The Other Side of the Coin: Counterfeiting in Europe
Established in 2020 to support national law enforcement authorities in their efforts to fight financial and economic crimes and aid in international cooperation and information exchange, Europol’s European Financial and Economic Crime Centre (EFECC) has just released its first threat assessment on the matter.
Titled ‘The Other Side of the Coin: An Analysis of Financial and Economic Crime’, the European Financial and Economic Crime Threat Assessment 2023 provides an in-depth assessment of the threats posed by financial and economic crimes at the EU level.
‘Through this threat assessment, and our other analysis products, Europol wants to foster cooperation that will derail the world of criminal finances, intercept illicit profits, and – above all else – Make Europe Safer’, writes the Executive Director of Europol, Catherine De Bolle, in the report’s foreword.
Whilst mostly focussing on money laundering, illicit financial transfers, corruption and fraud – including the growing use of cryptocurrencies in criminal activity – a section of the report has been dedicated to currency counterfeiting within the eurozone.
According to the European Central Bank’s latest report on euro coin counterfeiting, published in October 2022, the total number of counterfeit euro coins removed from circulation in 2021 was 220,314, an increase of 4.7% compared to 2020. The figures included only the higher denomination coins – the 50 cent, €1 and €2 coins – with the latter comprising the majority of the counterfeits, at 88.6% (see CMN February 2023).
Although the number of counterfeit euro coins has increased in recent years, the EFECC’s new report notes that the threat of these counterfeits has decreased in the EU over the last couple of years, with the pandemic leading to an increase in the use of cashless payments 1.

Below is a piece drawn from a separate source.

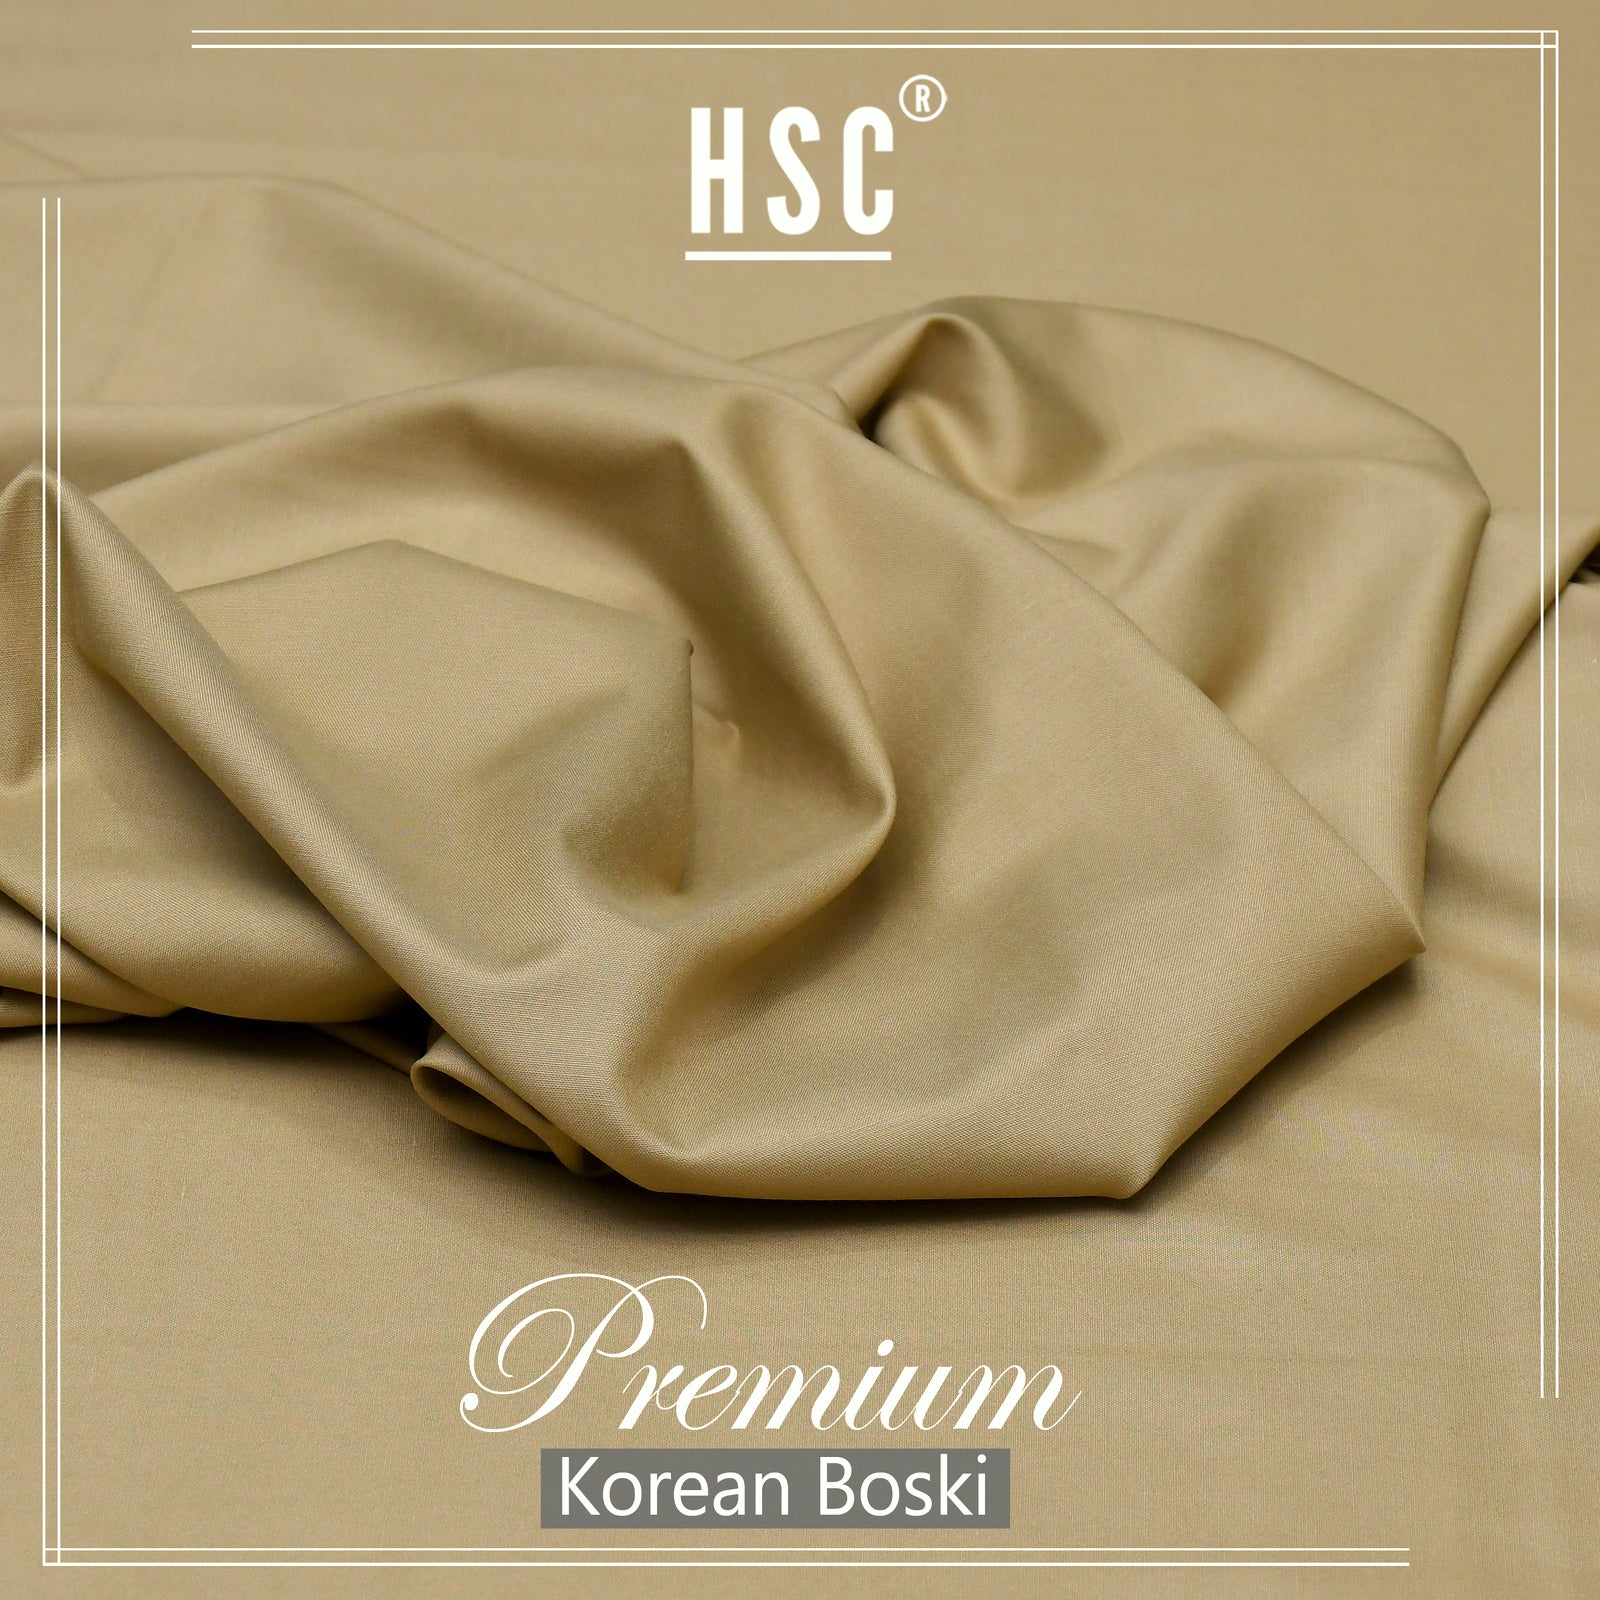 Buy1 Get 1 Free Premium Korean Boski For Men - NPKB14 HSC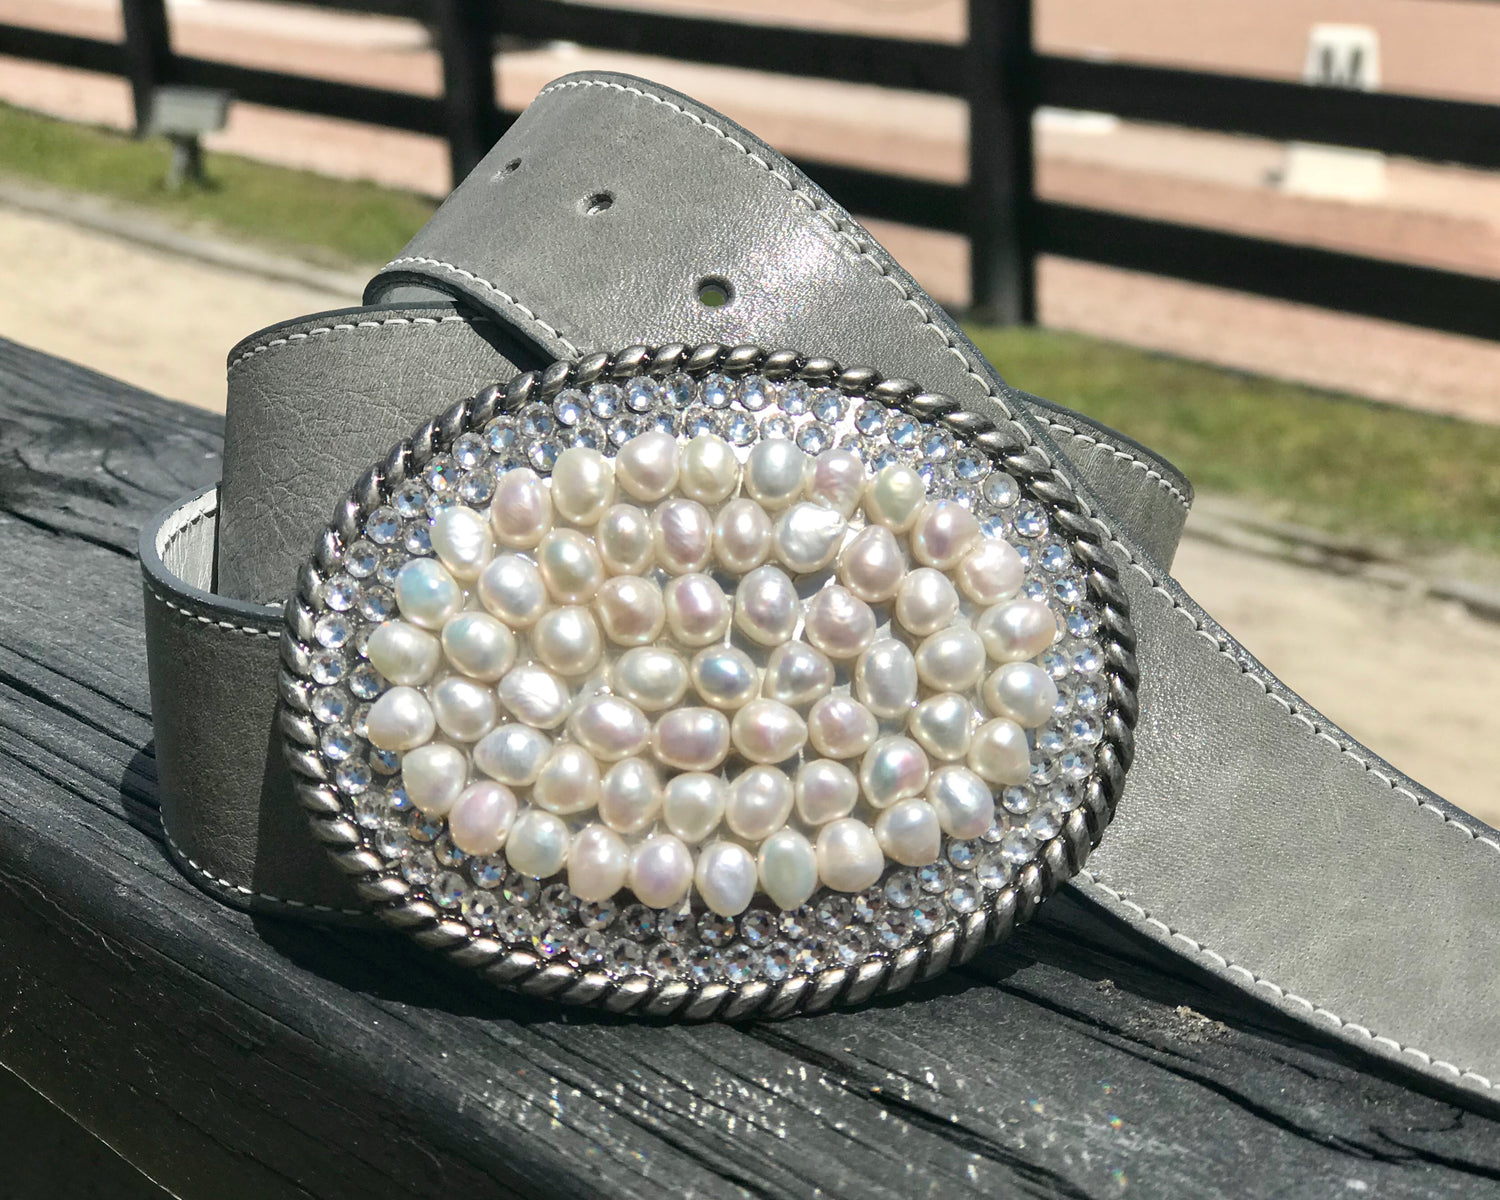 Pretty in Pearls

The report mentions that counterfeiting activity in the EU is not solely restricted to euro currency, but also other local currencies in use by member states outside the euro area. The other currencies specifically mentioned are the Hungarian forint, Czech koruna, Croatian kuna [albeit now a member of the eurozone], Romanian leu, Swedish krona, Bulgarian lev, Polish zloty, and the Danish krone. These are typically produced and distributed at national and regional level. In addition, seizures in the EU have included counterfeit US dollars, British pounds and Russian rubles.
Currency counterfeiting activities are established both in EU and non-EU countries, as seen with the organised crime groups dismantled in both Romania and Spain in recent years. EFECC notes that criminal networks active in this specific crime area have a high- level of technical expertise and internal organisation, with opportunity driven connections existing between criminal networks, mainly for the supply of raw materials, but also for distribution to certain markets across borders.
Counterfeit Reports Rise in Kosovo
Although not a member of the eurozone, Kosovo uses the euro as its currency.
A recent report from Reuters suggests that there is now an increasing number of counterfeit €2 coins in circulation within the country 2. As mentioned earlier, the €2 coin is generally the euro coin most counterfeited.
According to law enforcement agencies, the number of counterfeit €2 coins in circulation ‘has seen a massive increase this year’. 486 cases relating to money forgery have been sent to prosecutors so far this year, with a total of 804 cases sent last year. Earlier this year, authorities arrested two people attempting to move 10,600 counterfeit €2 coins into the country from North Macedonia.
The article mentions that the increasing quality of the counterfeits has made it more difficult for cash users to decipher the difference between those coins that are legitimate and those that are fake. In Kosovo's capital, Pristina, its police forensic laboratory has examined more than 30,000 counterfeit versions of the coins in the first half of the year, in comparison to 4,451 coins during the same period last year.
1 - This is according to Europol’s European Serious and Organised Crime Threat Assessment (EU SOCTA) 2021.